Dönüş yolundayken hava kararmaya başlamıştı bile. Bu Orhun abidelerini ziyaret etmiş olmak içimde bir hedefi gerçekleştirmiş olmanın huzurunu yaşadığımı hatırlıyorum.
Geceyi Gaya’nın ailesi ile birlikte yönettiği Guest House’da geçiriyoruz. Burada internet duş imkânı elektrik vb. gibi lükslerimiz mevcut. Temizliğimizi yaptıktan sonra hızlı bir akşam yemeği ve çay içişi, yerlerimizin yapılması safhasını geçtikten sonra yatışa geçiyoruz. Moğolistan’da doğal hayat tabi ki bizim gördüklerimizin çok ötesinde. Fakat yoldan karşıya geçen izden ilerlerken geçip giden tarla fareleri, bin bir çeşit su kenarındaki değişik ördek ve diğer göçmen kuşlar, şahin vb. alıcı kuşlar bizim görebildiklerimiz. Gezi sırasındaki ikinci bir yerlerde bir şeylerimi unutma olayı yaşıyorum.

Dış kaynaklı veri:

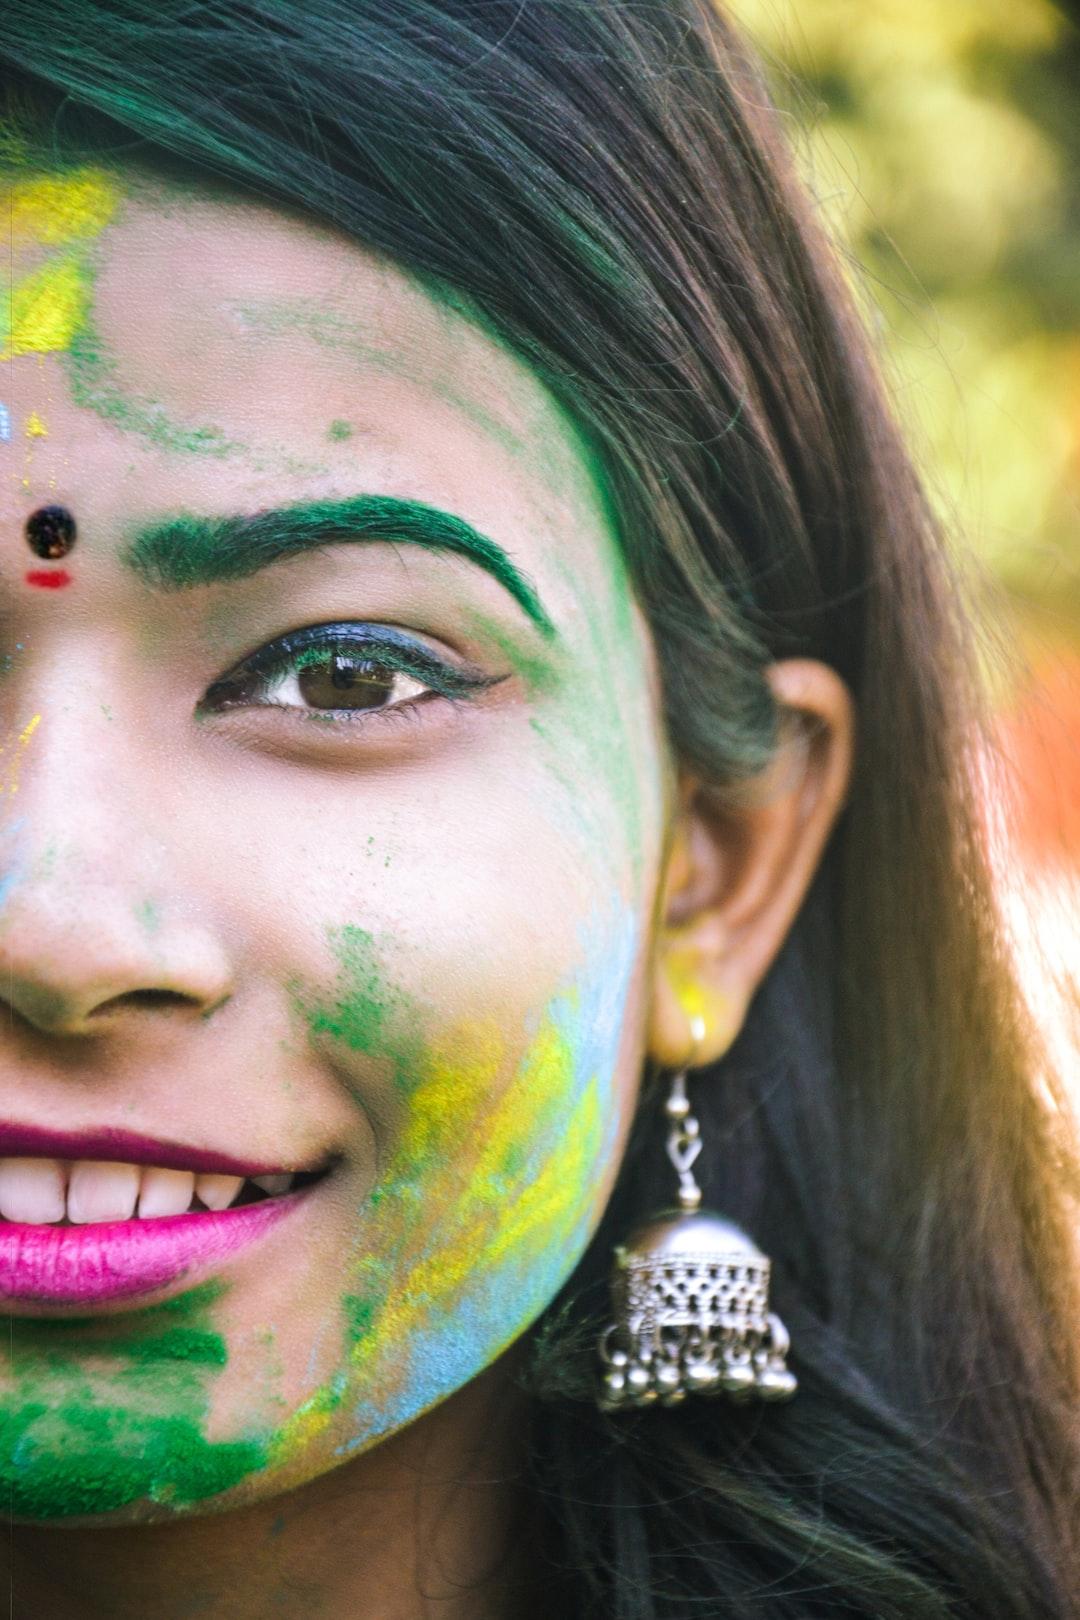 For more Portraits do follow me on Instagram @Purtika_Dutt

Sabah uyanıyoruz. Sabah kahvaltısı, duş derken eski Moğolistan’ın başkentinin müzesini ve Erdene Zuu Manastırını hızlıca bir geziyoruz. Fotoğraf anlamda güzel bir yer. Fakat acele ediyoruz. Sonradan da fark ediyoruz ki acele etmemize o kadar da gerek yokmuş. Burada ayrılınca Orhun nehrine gitmek için vaktimiz olup olmadığını sorduğumuzda pek olumlu cevap alamadık. Aslında daha önceden Google Earth’den incelediğimde Orhun nehrine çok yakındık. Fakat üstelemedik. Bunun yerine hâkim bir tepeye çıkarsanız manzara olabilir dediler ama Fatih çıkıp indiğinde Orhun nehrini göremediğini söyledi. Bulunduğumuz tepenin eteklerinde doğal penis şeklinde bir kaya var. Etrafını çevirmişler ve batıl bir inanç üzerinden gelip taşla etkileşime geçmeler gördük. Ayrıntıya girmek istemiyorum.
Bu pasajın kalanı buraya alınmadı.